━━━━━ Exercise data ━━━━━

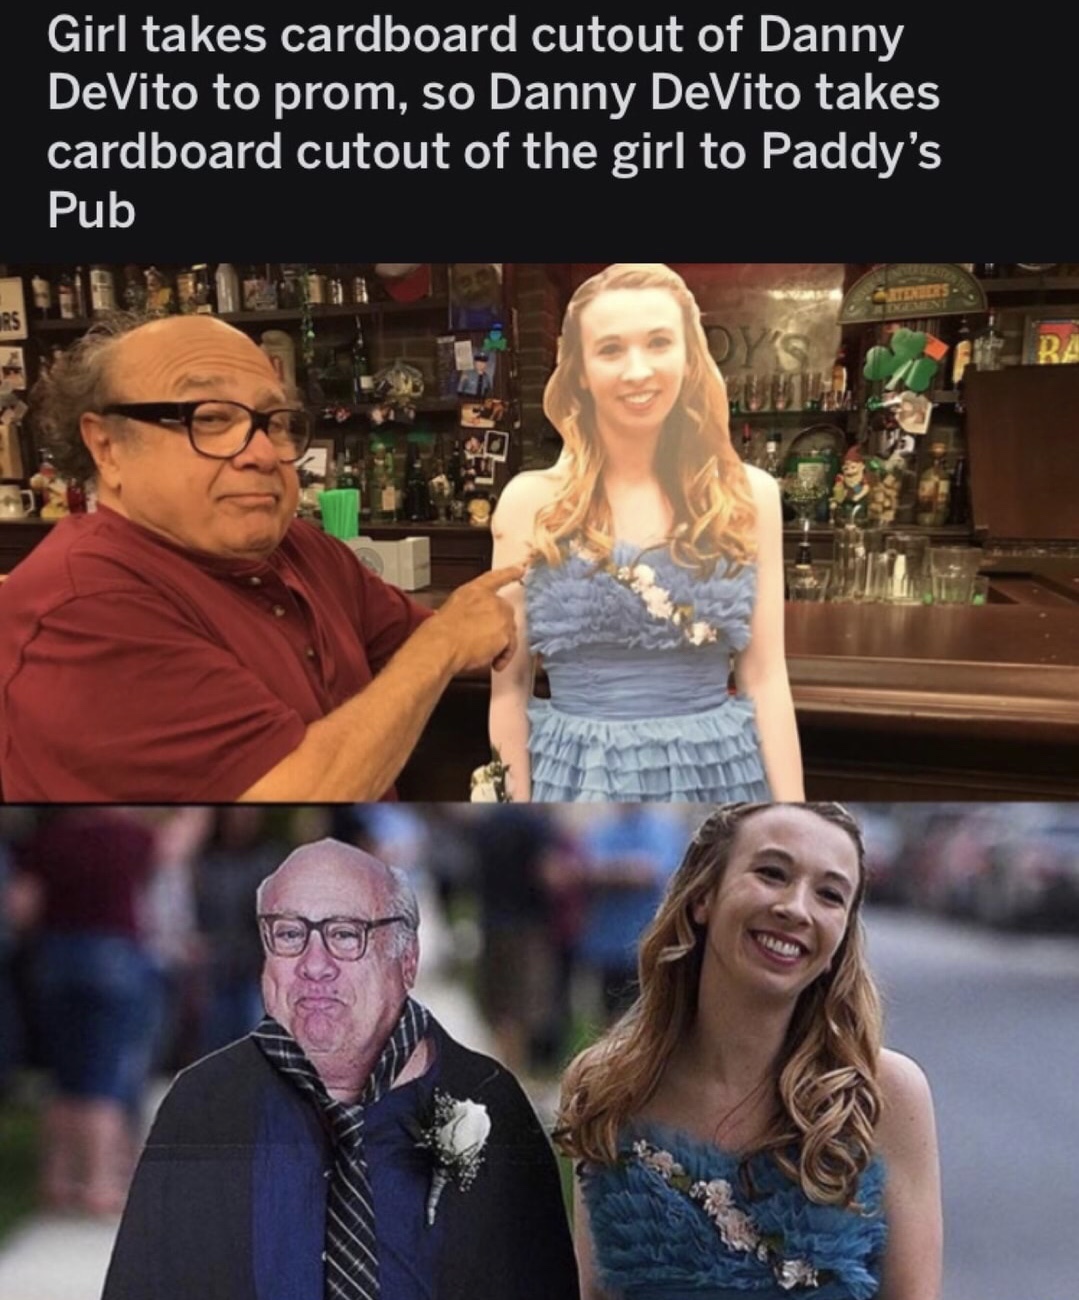 danny devito prom - Girl takes cardboard cutout of Danny DeVito to prom, so Danny DeVito takes cardboard cutout of the girl to Paddy's Pub Ba
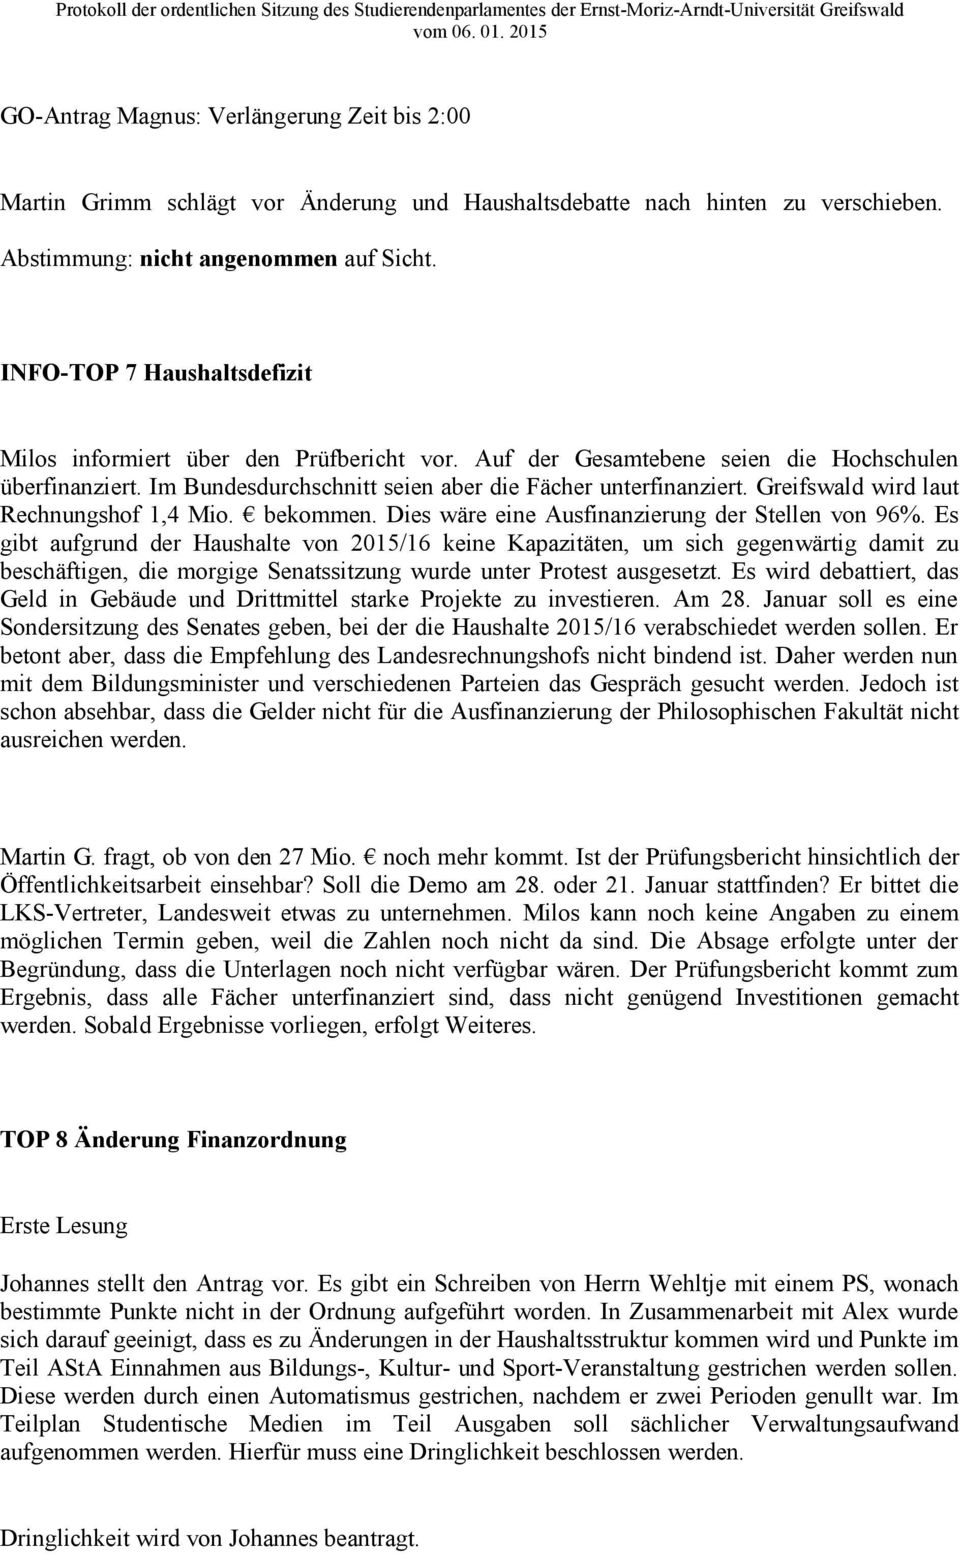 Greifswald wird laut Rechnungshof 1,4 Mio. bekommen. Dies wäre eine Ausfinanzierung der Stellen von 96%.
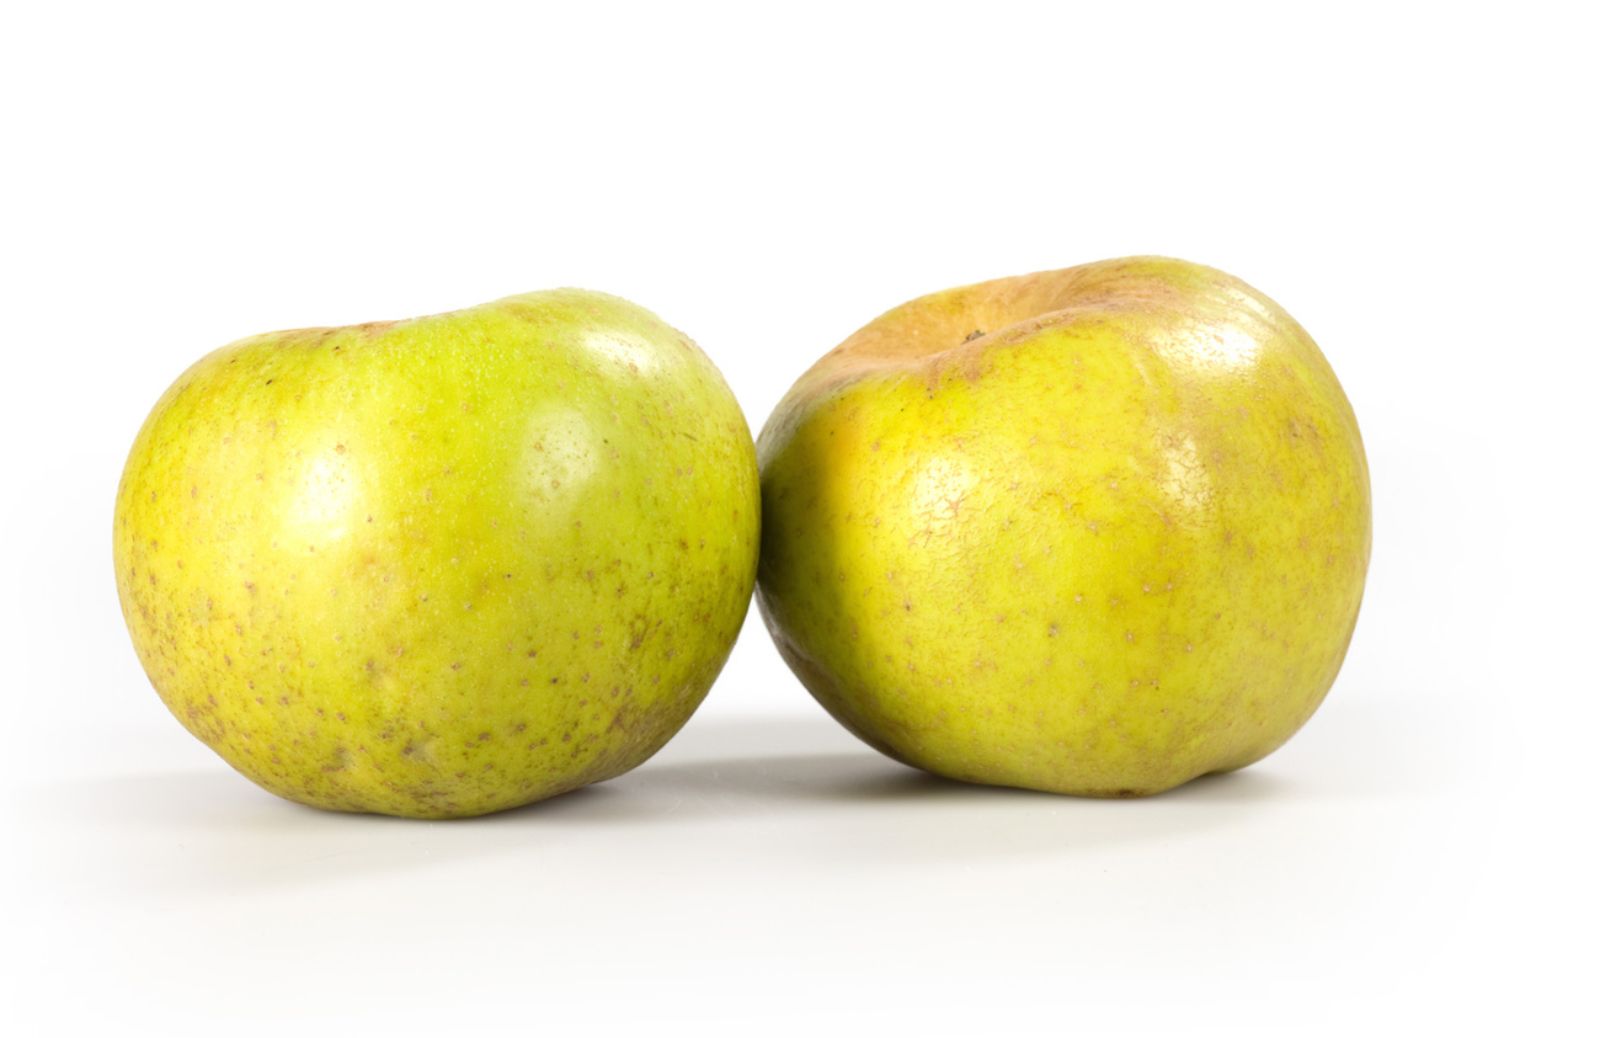 Cuore al sicuro con due mele al giorno: riducono il colesterolo cattivo

━━━━━

Task prompt:
The listing above, line by line: print it exactly, but not its pictures.

Task response:
 danny devito prom - Girl takes cardboard cutout of Danny DeVito to prom, so Danny DeVito takes cardboard cutout of the girl to Paddy's Pub Ba
 Greifswald wird laut Rechnungshof 1,4 Mio. bekommen. Dies wäre eine Ausfinanzierung der Stellen von 96%.
 Cuore al sicuro con due mele al giorno: riducono il colesterolo cattivo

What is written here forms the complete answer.